The Court of Appeal dismissed the appeal of Bath and North East Somerset District Council against the dismissal of its application for judicial review of the decision of the Secretary of State for the Environment, Transport and Regions to hold a public inquiry into the council's failure to determine certain applications for planning and listed building consents.
The council was the local planning authority for the City of Bath, which was a Unesco-designated World Heritage Site containing a 1,915 hectare conservation area and about 5,000 listed buildings.
Applications for planning and listed building consents were made to the council by Ski Enterprises (UK) Ltd ("the company") which involved internal and external alterations to a listed building and a material change of use. Considerable detail, by way of narrative and drawings, was supplied to the council in support of the proposal.
The council wrote to the company stating that the documents which had been submitted were not adequate to enable them to consider the proposal, and that the applications could not be accepted or processed further until additional detailed information was provided. The company declined to provide the detail requested on the ground that until they knew whether the change of use was acceptable in principle, the detail could not sensibly be provided.
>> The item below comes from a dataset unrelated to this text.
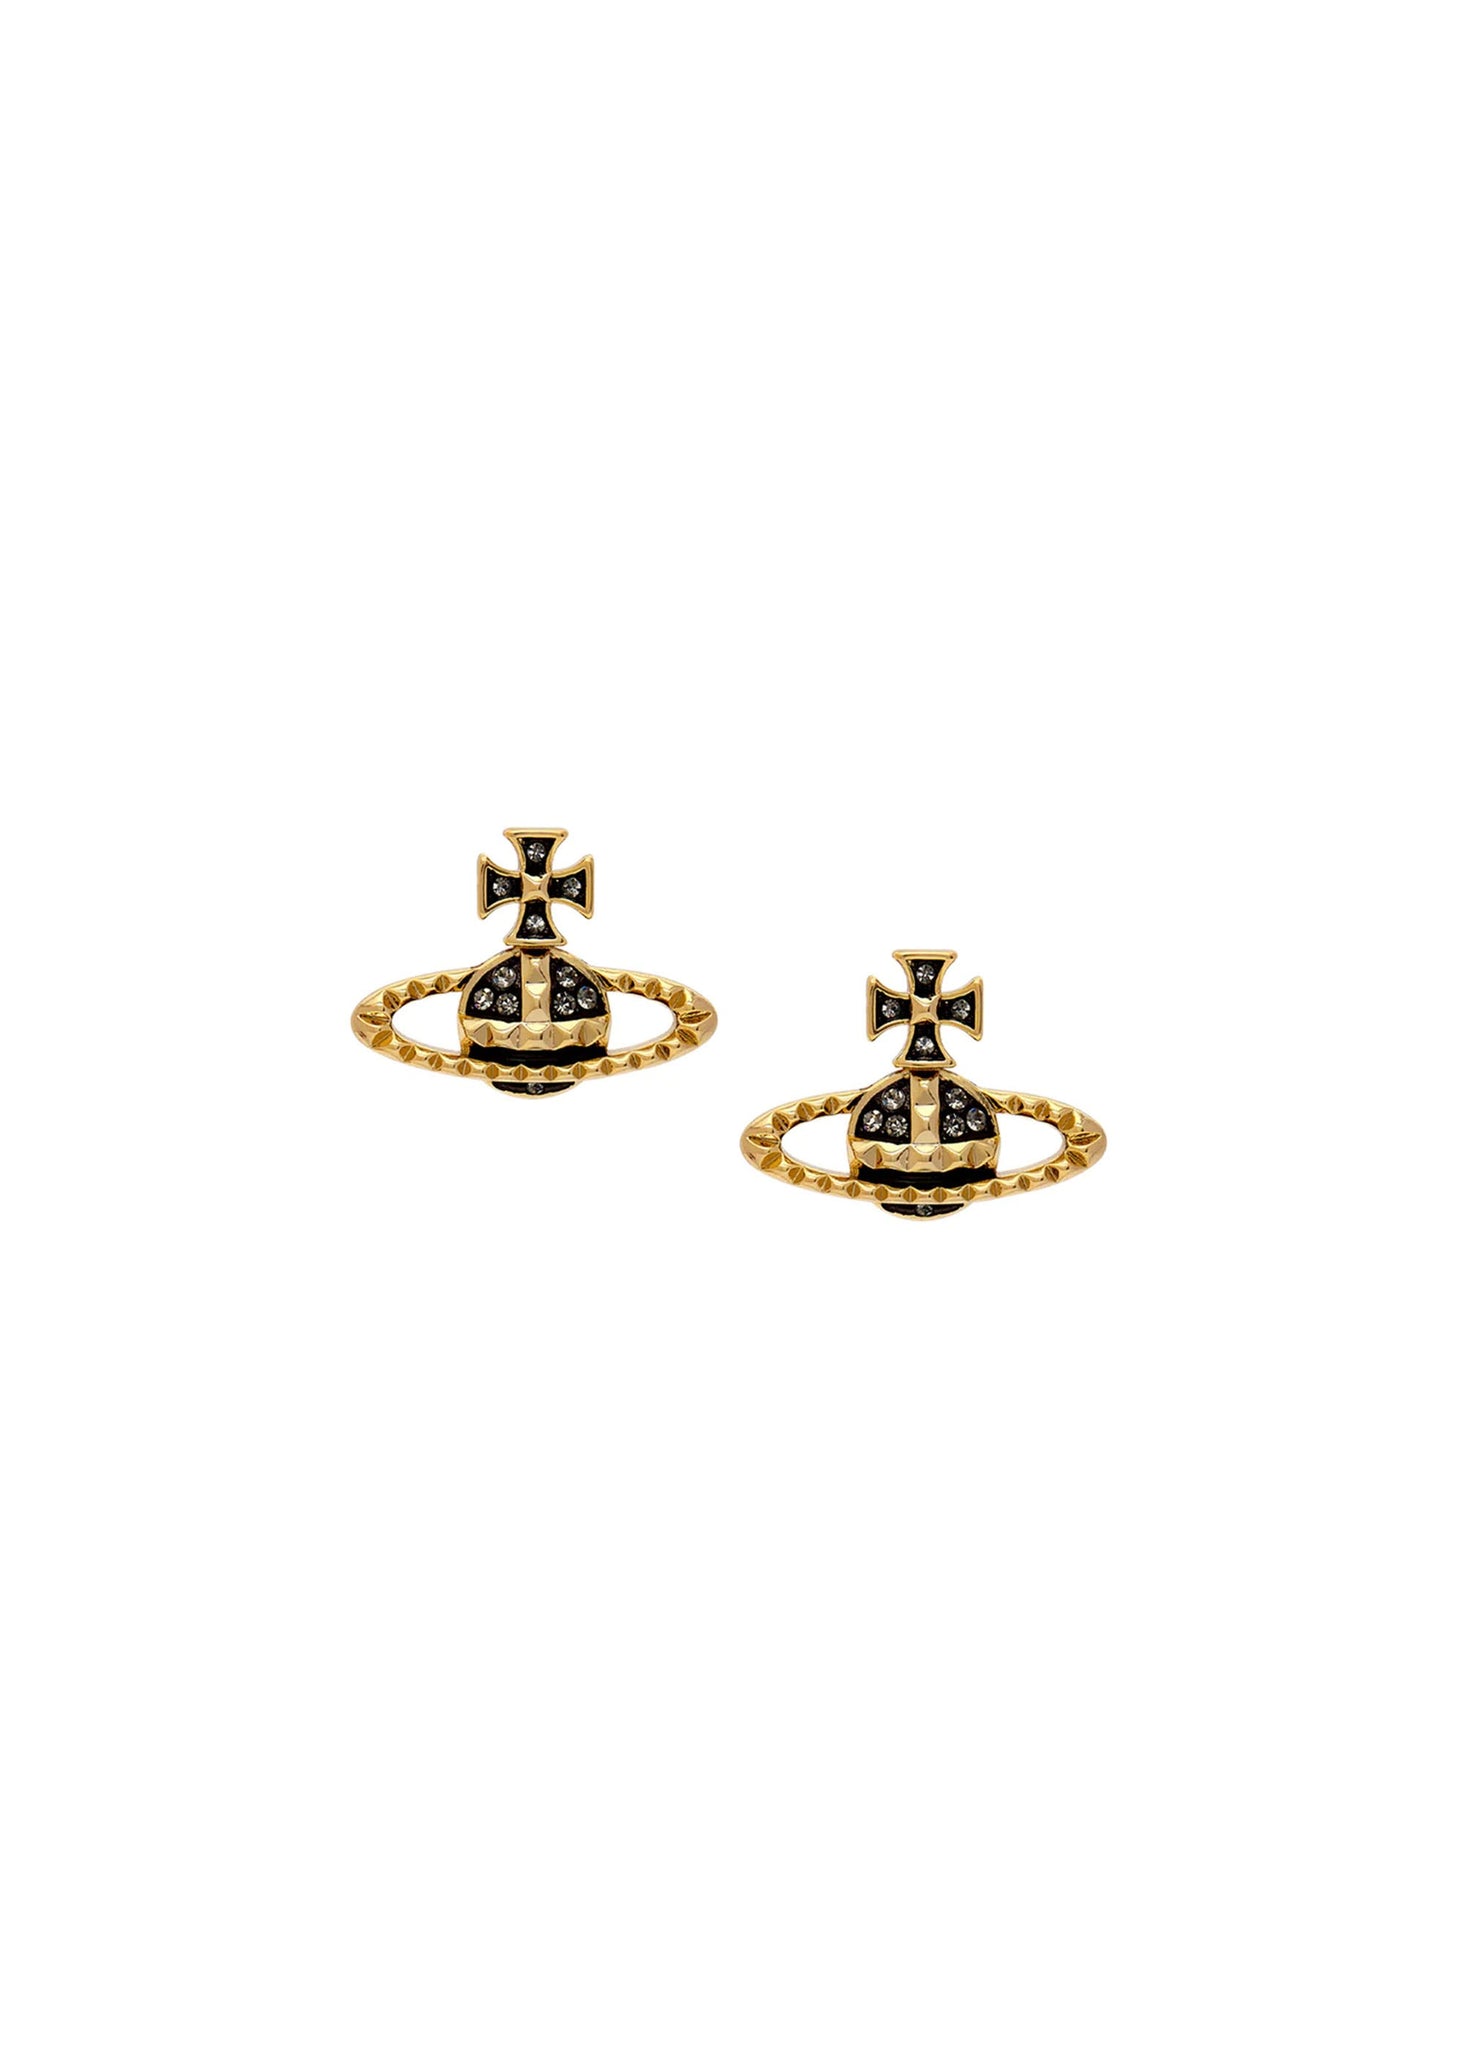 Vivienne Westwood Mayfair Bas Relief Earrings - Gold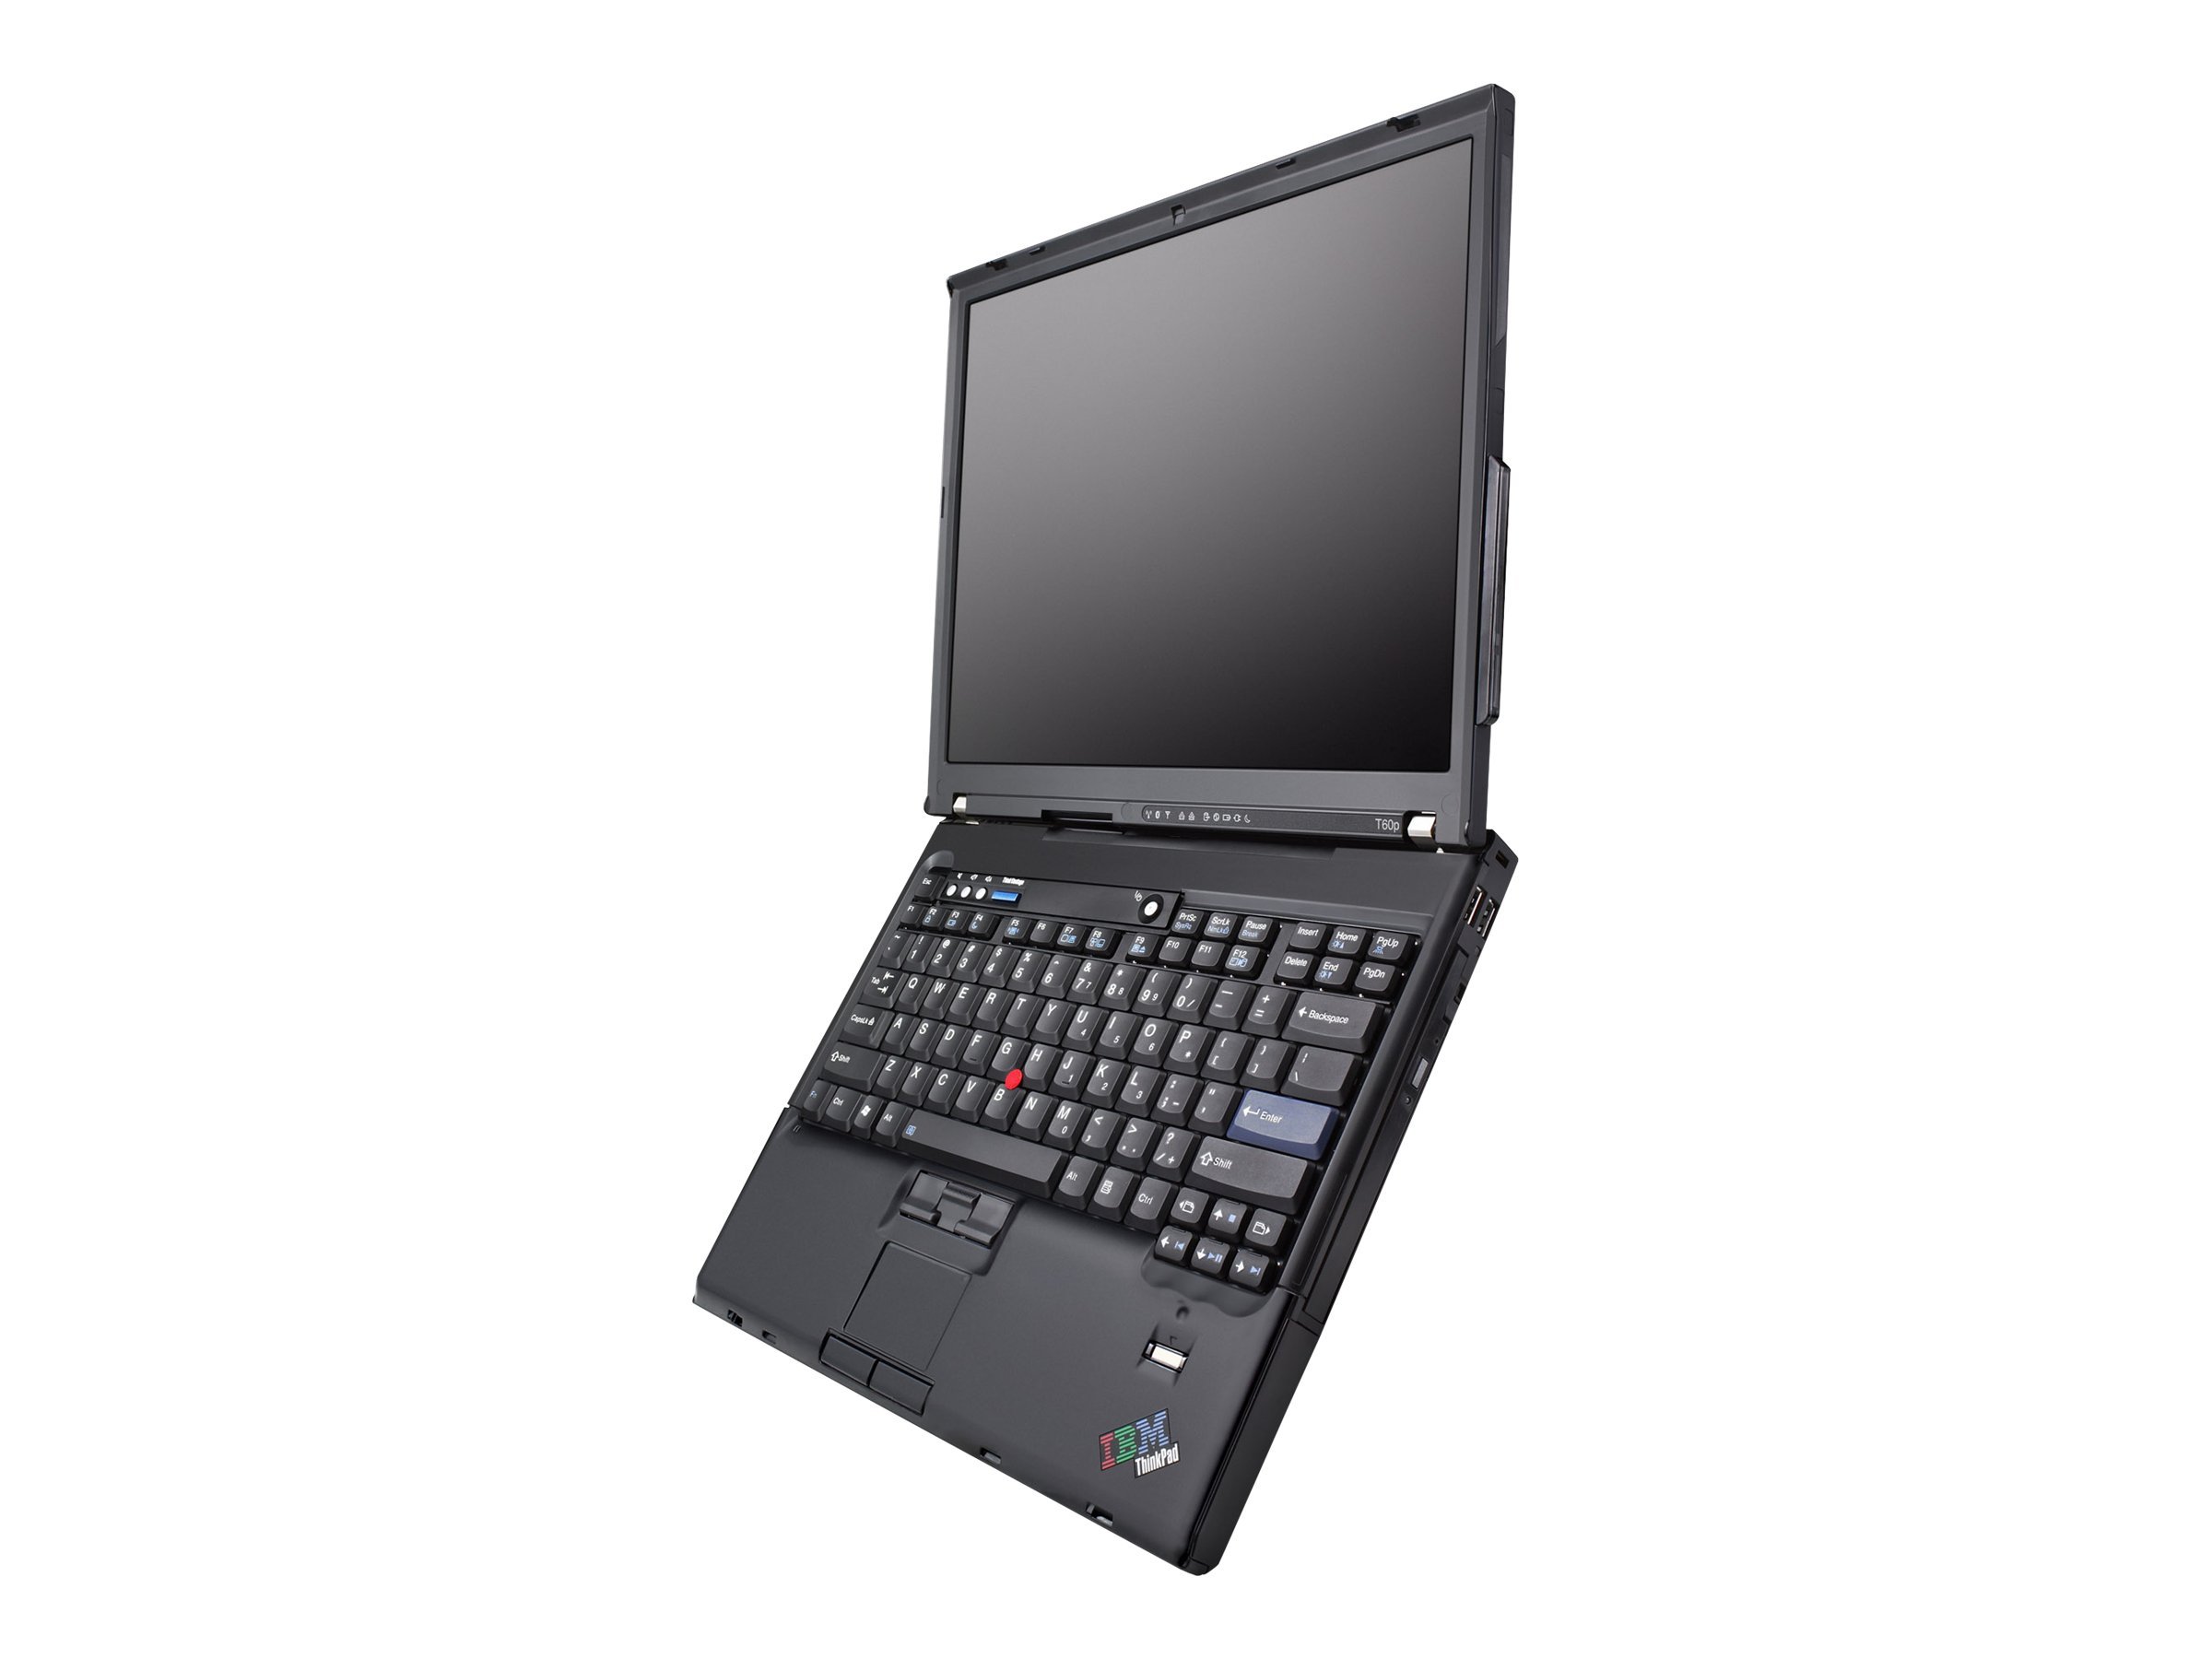 Lenovo ThinkPad T60p (2008)

The council then told the company that the applications had not been registered and would not be processed further until receipt of the details requested. The company appealed to the Secretary of State for the Environment, Transport and Regions, pursuant to section 78 of the Town and Country Planning Act 1990 and section 20 of the Planning (Listed Buildings and Conservation Areas) Act 1990, on the ground that the appellants had failed, within the appropriate period, to determine the applications.
The Secretary of State fixed the time and date of an inquiry into the appeals. The council applied by way of judicial review for an order prohibiting the Secretary of State from holding a public inquiry, on the ground that he had no jurisdiction to hear the appeals as the council had decided that the applications on which they were based were invalid, and it was the sole arbiter as to whether sufficient detail had been included with the applications.
Meyric Lewis (Sharpe Pritchard) for the council; Alice Robinson (Treasury Solicitor) for the Secretary of State.
Lord Justice Pill said that in the light of Geall v Secretary of State for the Environment, Transport and Regions (unreported, 11 December 1998), and upon a purposive construction of the statutes and a consideration of the statutory scheme as a whole, a right of appeal under section 78 of the Town and Country Planning Act 1990 and section 20 of the Planning (Listed Buildings and Conservation Areas) Act 1990 arose even when the local planning authority had formed the view that the application which was the subject of the appeal was invalid.
The words "which the local authority considers to be valid" should not be read into section 78 or section 20 to govern the word "application". A determination of invalidity by the local authority did not exclude the right of appeal to the Secretary of State on the question of validity.
The applications in the present case accordingly remained applications for the purpose of triggering the operation of the appeal provisions in the legislation notwithstanding the view of the council that the applications were invalid.